Why Comparing Health Insurance Online is Smarter?
Back in the day, if you wanted medical insurance, you had to meet agents, read brochures full of technical words, and then hope you didn’t miss a hidden clause. Today, you can sit on your couch, open your laptop, and see ten different health insurance plans lined up like products in an online store. So, why is this better? Because:
● You don’t rely only on what an agent tells you.
● You can compare premiums and benefits side by side.
● You see exclusions clearly instead of in fine print.
It’s just like shopping online or booking a hotel. Nobody calls ten airlines anymore, although we check online. Health insurance should work the same way.
What Really Matters While Comparing Plans
The truth is that not every shiny feature matters. A good policy is one that actually protects you when something goes wrong. While browsing online tools, you should be focused on:
● Coverage (Sum Insured): Does it cover realistic hospital bills in your city?
● Cashless hospitals: If your go-to hospital isn’t on the list, it’s a headache later.
● Claim settlement ratio: Higher numbers mean fewer claim rejections.
● Add-ons: Maternity, critical illness, room rent flexibility, if you really need them.
● Premium vs Benefits: Cheapest is not always best.
If you only remember one thing, it’s this balance cost with coverage. Don’t be tempted by low premiums if it means compromising on actual protection.
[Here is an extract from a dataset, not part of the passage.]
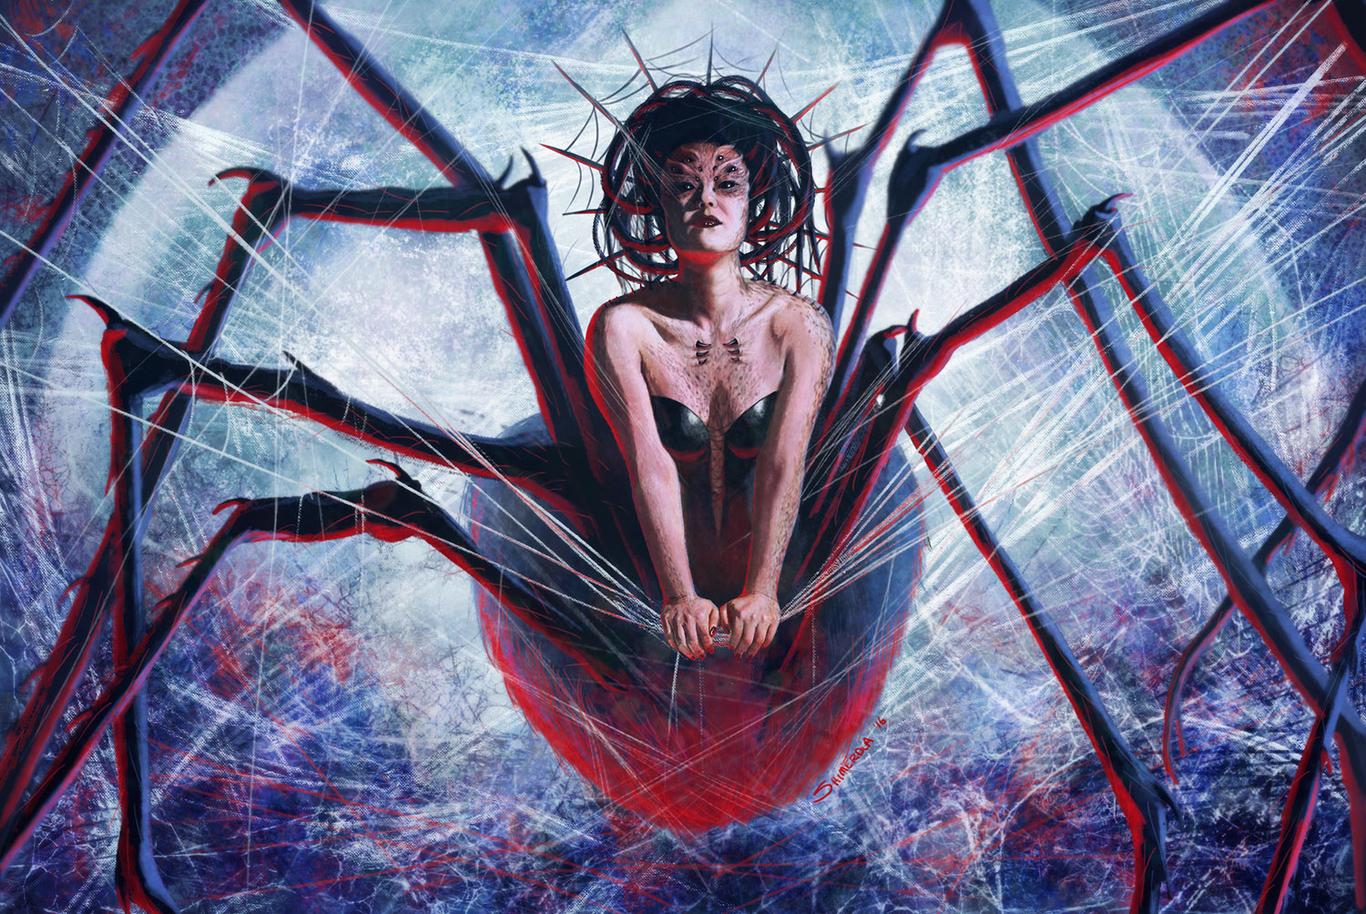 Rainne spider queen 1 c02d6186 imfu

A Quick Walkthrough Using an Online Tool
Let’s say you’re 32, married, with one child. You open a comparison website. It asks for details like age, city, and number of family members. You fill that in, and within seconds, you see multiple mediclaim policy options.
Now you notice something interesting:
| Feature | Policy 1 | Policy 2 | Policy 3 |
| Sum Insured | ₹5 lakh | ₹10 lakh | ₹10 lakh |
| Cashless Network | 4,200+ | 6,000+ | 5,800+ |
| Maternity Cover | No | Yes | Yes |
| Premium (Yearly) | ₹6,800 | ₹9,500 | ₹10,200 |
At first glance, Policy 1 looks attractive because it’s cheap. But then you realise it doesn’t cover maternity or have as many cashless hospitals. If your family is expanding, that’s a red flag. Policy 2 or 3 might be the better choice long term.
This is precisely why online tools help you to find the best health insurance plans. You’d probably miss these details if you were only talking to one insurance agent.
Don’t Skip the “Exclusions” Section
Most people skim through the benefits and ignore exclusions. Big mistake. Some health insurance plans don’t cover pre-existing diseases for the first 2 – 3 years. Others may exclude specific treatments like cataract surgery or joint replacement.
When you buy health insurance online, every comparison site has an “exclusions” button or tab. Don’t skip it. It may not be exciting to read, but knowing what’s not covered is as important as knowing what is.
Buying Online After Comparison
Once you’ve shortlisted, buying health insurance online has its perks:
● Time saving: Instant policy issuance (no waiting for paperwork).
● Discounts: Some insurers give lower premiums if you buy directly online.
● Transparency: you get all details in writing, no half-truths.
● 24/7 access: you can compare and buy anytime.
Many people get a full mediclaim policy issued in less than 15 minutes online, no queues, no files, no hassle.
So here are some main overview points that you have to keep in mind when comparing before you buy health insurance plans for family by using any online tool:
● Evaluate your personal and family health requirements
● Select a trusted online comparison tool
● Check key features and coverage details of each plan
● Understand what’s covered and what’s not
● Look into claim history and settlement performance
● Consider policy terms and optional add-on benefits
● Directly compare multiple plans to spot differences easily
Final Thoughts
Honestly, picking the right health insurance isn’t as scary as it sounds. Many people just renew the same policy every year without even checking if it still works for them, and later regret it when bills pile up. Using an online comparison tool is super simple. You just spend a few minutes, see which plan covers what, check premiums, and figure out if it actually fits your family. That tiny effort can save a lot of stress later.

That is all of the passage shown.